▶ [Problem details]:
In the entries below, begin at the line with "Chloe Sevigny fully" and stop after the line with "Omni Hydraulic Lift"; output those lines exactly and omit the pictures.

▶ [Available data]:
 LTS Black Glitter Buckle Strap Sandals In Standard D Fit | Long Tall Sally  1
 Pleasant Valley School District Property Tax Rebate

---

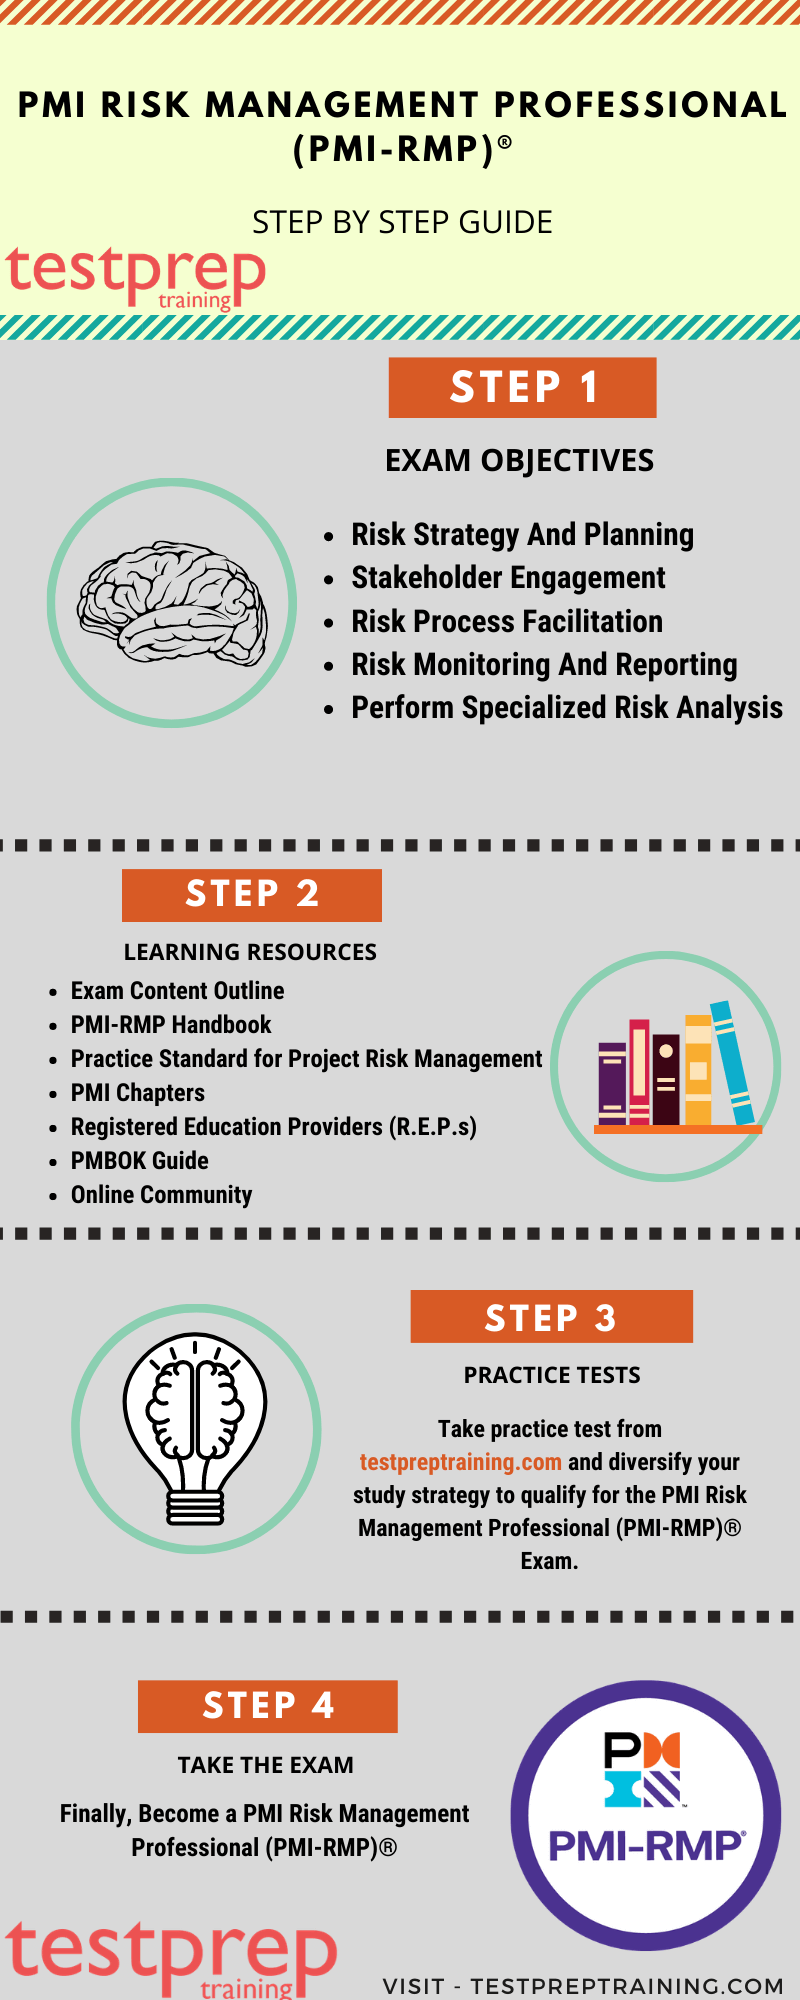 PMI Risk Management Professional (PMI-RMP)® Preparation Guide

* * *

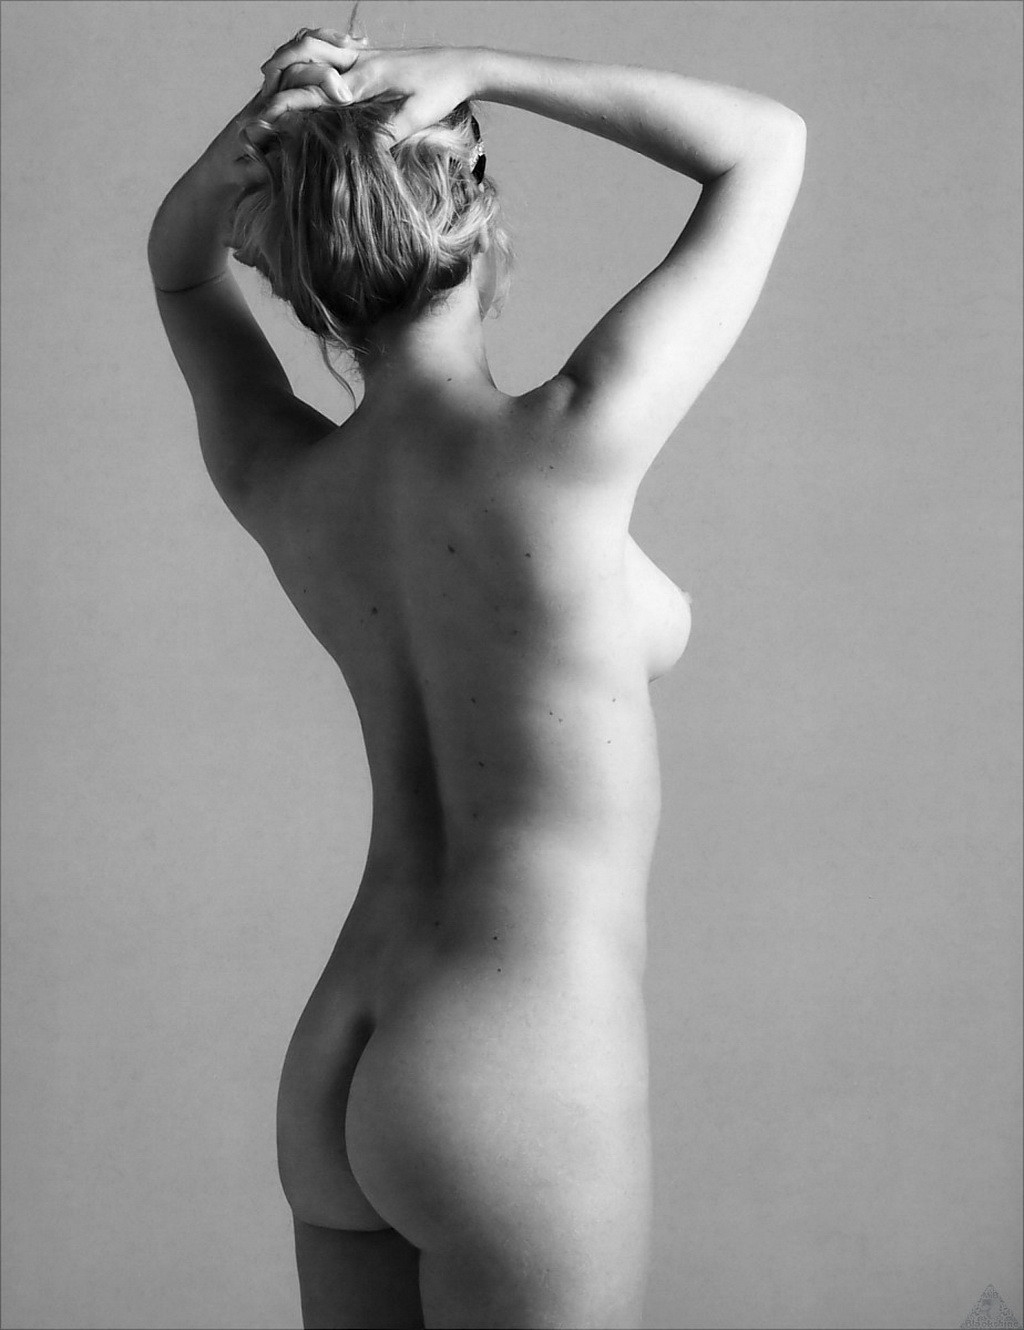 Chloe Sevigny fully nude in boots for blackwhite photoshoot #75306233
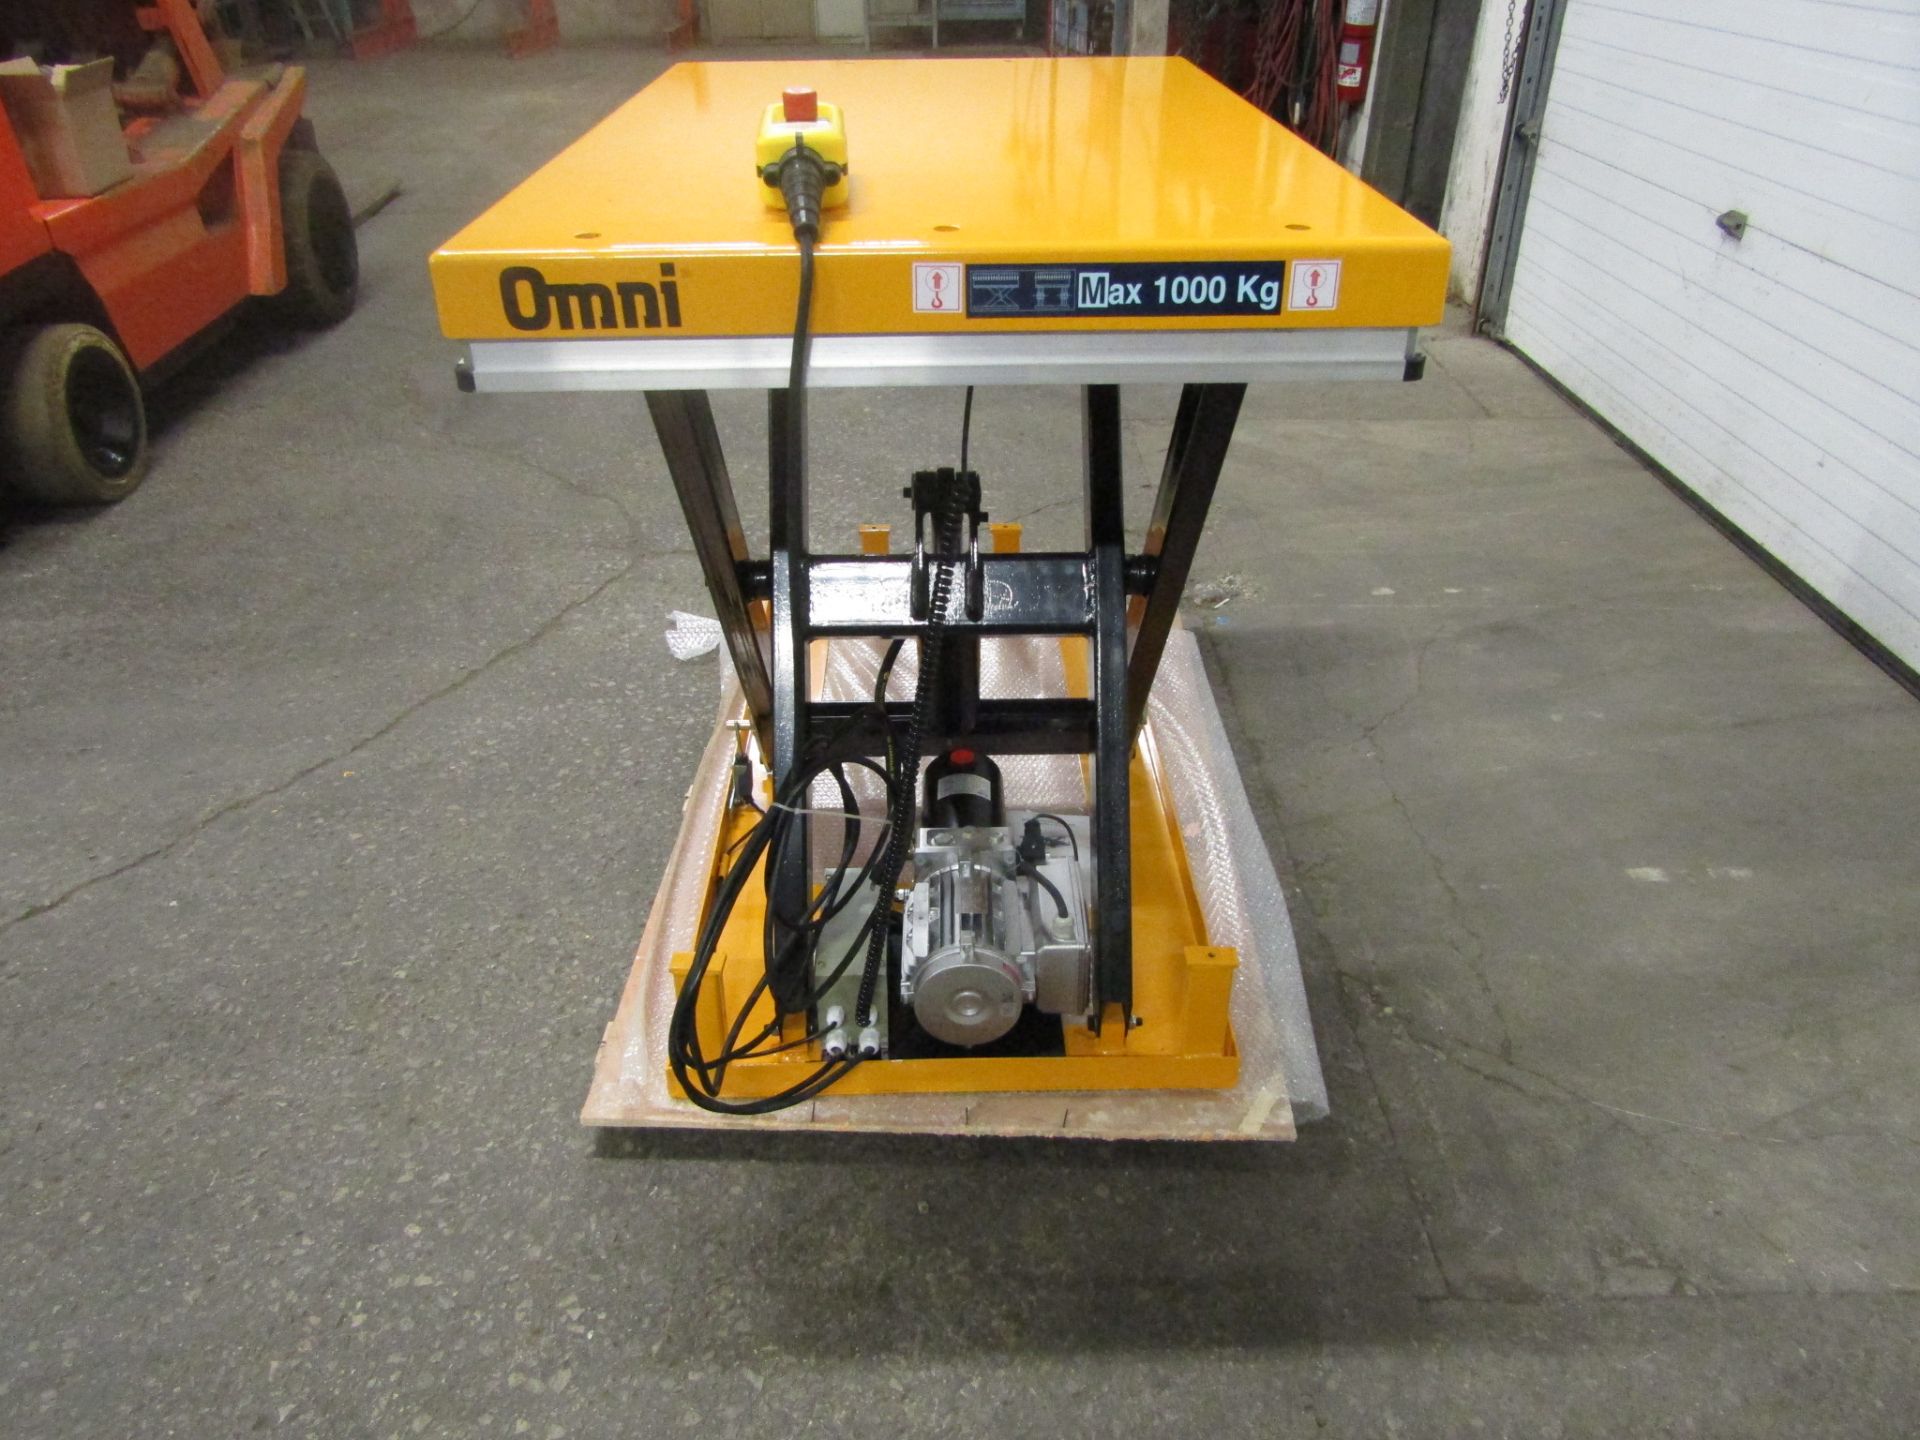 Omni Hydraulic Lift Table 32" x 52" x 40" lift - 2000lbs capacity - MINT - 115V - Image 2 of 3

▶ [Task response]:
 Chloe Sevigny fully nude in boots for blackwhite photoshoot #75306233
 Omni Hydraulic Lift Table 32" x 52" x 40" lift - 2000lbs capacity - MINT - 115V - Image 2 of 3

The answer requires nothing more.